Alright, now it is clear. Thank you!
Edit: I made some simulations and the following idea could successfully detect and learn new objects, but it had some bad effects on the inference part, so it’s not the right solution.
Just guessing but it may not be that difficult:
Let’s assume that a learned feature/location pattern (P1) causes the output layer to represent an already learned object (this is in ‘infer mode’ since the feed-forward activation was strong enough).
Let’s call the output layer’s activation A1.

After P1, a new, unseen pattern (P2) arrives. Because it isn’t a learned pattern the feed-forward activation will be less “strong”, so the output layer switches to ‘learn mode’, and chooses an other set of active cells to represent the new object (A2).

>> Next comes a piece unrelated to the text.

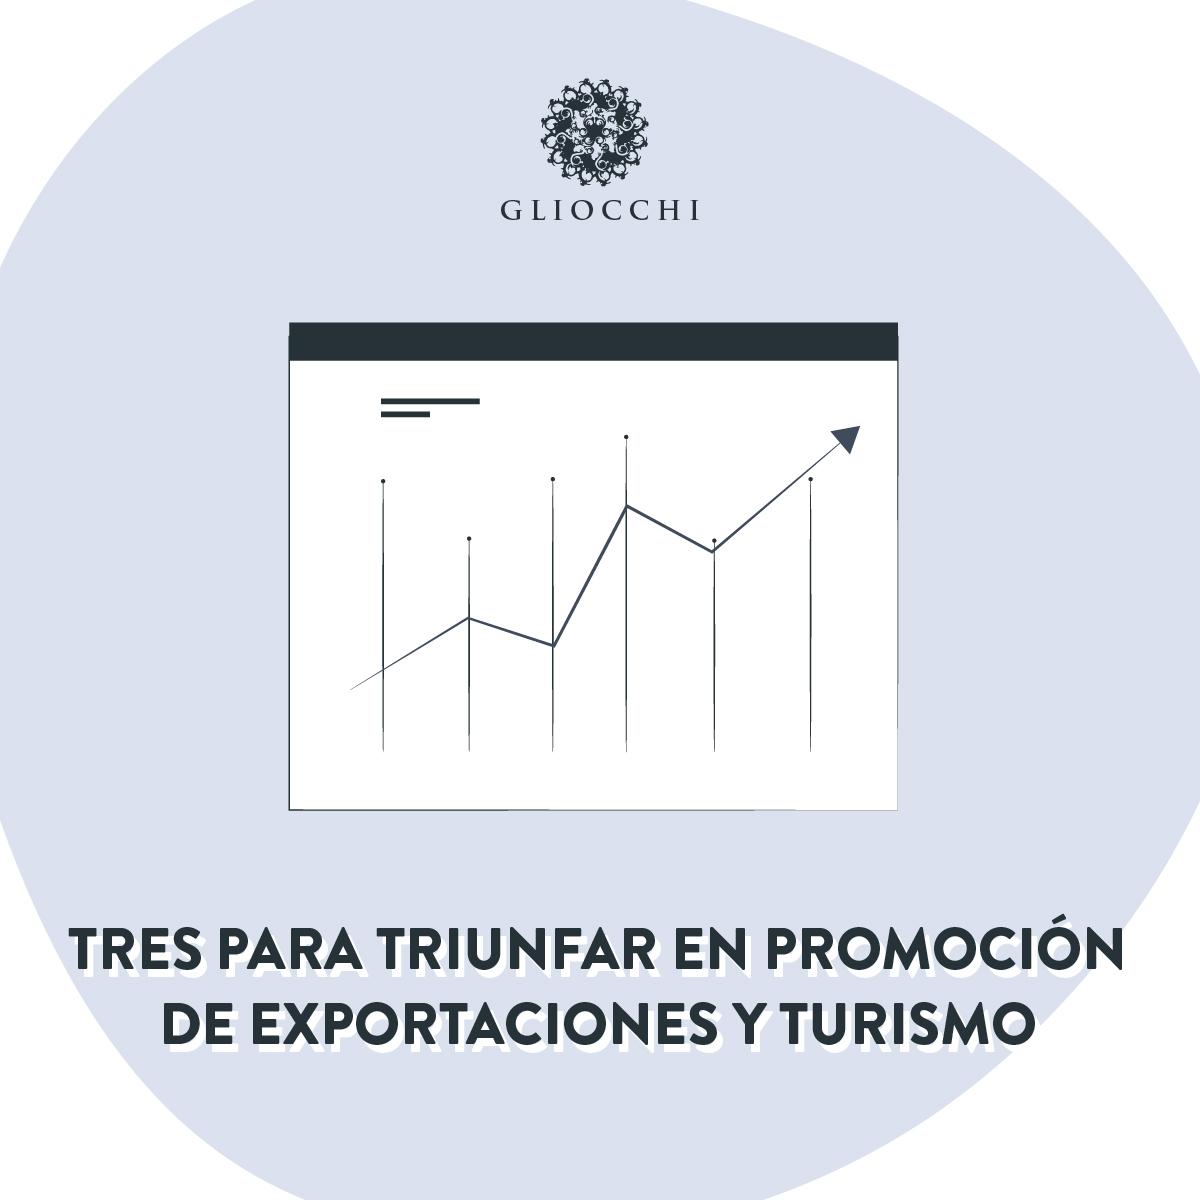 Tres para Triunfar en promoción de exportaciones y turismo

Now, as described in the paper, the output layer’s active neurons adapt their connections to the last time step’s activations:

So the A2 neurons will be more likely to become active, if the A1 neurons are activated.
At the next epoch we feed P1 to the system again. If we follow the output layer’s activation rule then only the A1 cells will be active (because A2 neurons don’t have feed-forward activations):

However if we assume that the feature/location signal is a “strong” signal, then the A1 cells could be active enough to make A2 cells active aswell:

After the activation of the output layer is determined, active cells in the output layer grow connections to the input layer’s active cells. So A2 neurons will also learn the P1 pattern…
The only change that I made in the output layer’s activation rule is that if the layer is in ‘infer mode’ (so if the feed-forward signal is strong enough) then cells in the layer don’t need feed-forward input to activate, it’s enough if the basal signal is strong enough.
I don’t know if it can happen in the brain (probably not), but to me it sounds logical to say that if a neuron gets a strong activation signal then it can activate other cells in the same layer.
BTW when I say “strong” feed-forward signal then I mean that a cell’s overlap is above a threshold. If the active cells in the input layer is let’s say 10, and during initialization we set 50% of the permanences to be connected, then we could say that a neuron has “strong” signal if it’s overlap is >= 9.
So if the signal is a strong signal then we would switch to “infer mode”, and during inference cells can be activated without feed-forward signal.
However if the feed-forward signal is not strong enough then we would select the ‘learn mode’ (=fix the output layer’s activation and learn the new object).